Collectively, says HBO's Michael Lombardo, these Sunday programs make an argument for something old-school these days: watching a show together.

Smith asked, "How important is that communal experience of Sunday night viewing?"

"I think it's still critical," Lombardo replied. "I mean, it's one of the few touchstones that people have in a increasingly sort of fragmented world where everyone's on their own."

According to Nielsen, on average Sunday has by far the most tweets about television. Three of last season's top five series with the most Twitter traffic aired on Sunday, led by "Breaking Bad."

"If you want to be part of that conversation," says Showtime's David Nevins, "you better not wait until Thursday to watch it."
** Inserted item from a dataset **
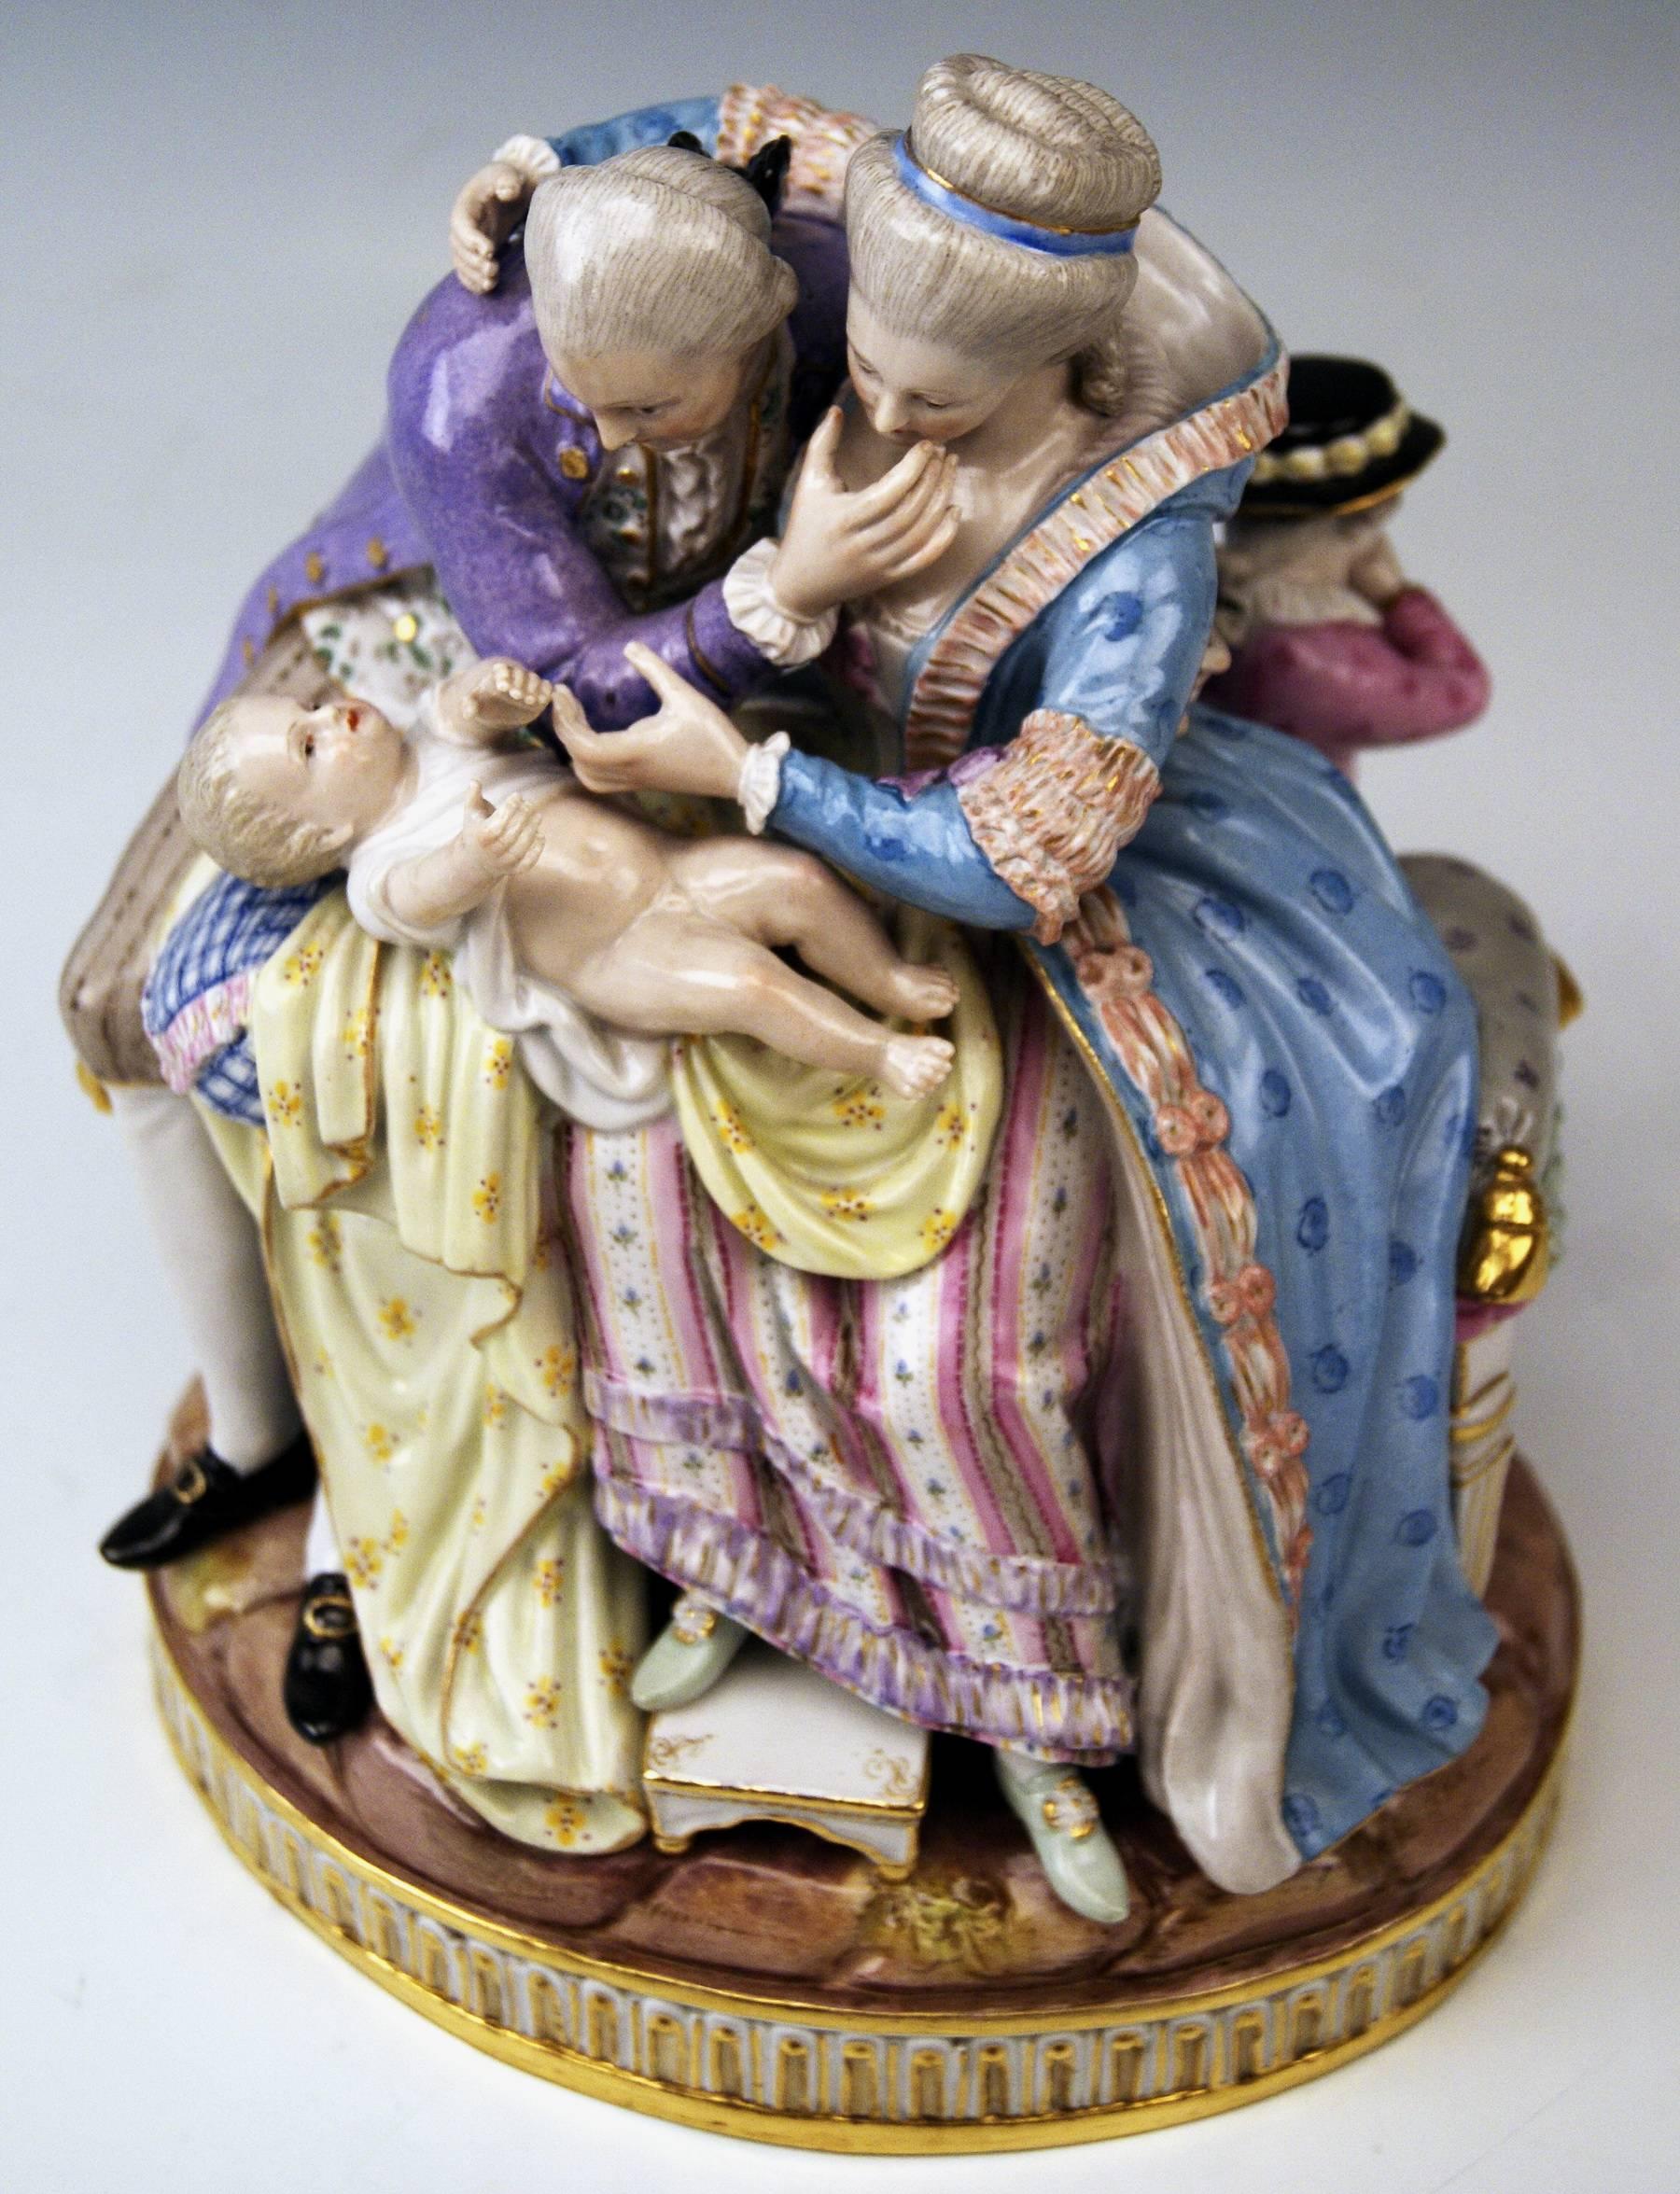 19th Century Meissen Stunning Figurines the Lucky Parents Model E81 by M. V. Acier, c.1860

Time-shifting, you might have to settle for this: watching other people watching Sunday Night TV, as in these Youtube videos showing "Game of Thrones" fans reacting to the particularly violent "Red Wedding" scene.

"Game of Thrones" fans react to the notoriously deadly "Red Wedding" scene, as captured in videos that went viral on YouTube. CBS/YouTube

But perhaps we can take heart in this: favorite characters may die, but, programmers say, great Sunday Night TV won't be snuffed out anytime soon.

"The atmosphere on Sunday Night, is it like it's a crowded party where there are lots of fascinating guests, and that's a good thing?" Smith asked.

"I think that's a great analogy. I think it would be a crowded party, but with several buffet tables," laughed Tassler. "Because you can literally pick and choose, and you could walk from buffet table to buffet table. Everybody eats, but everybody can choose something different."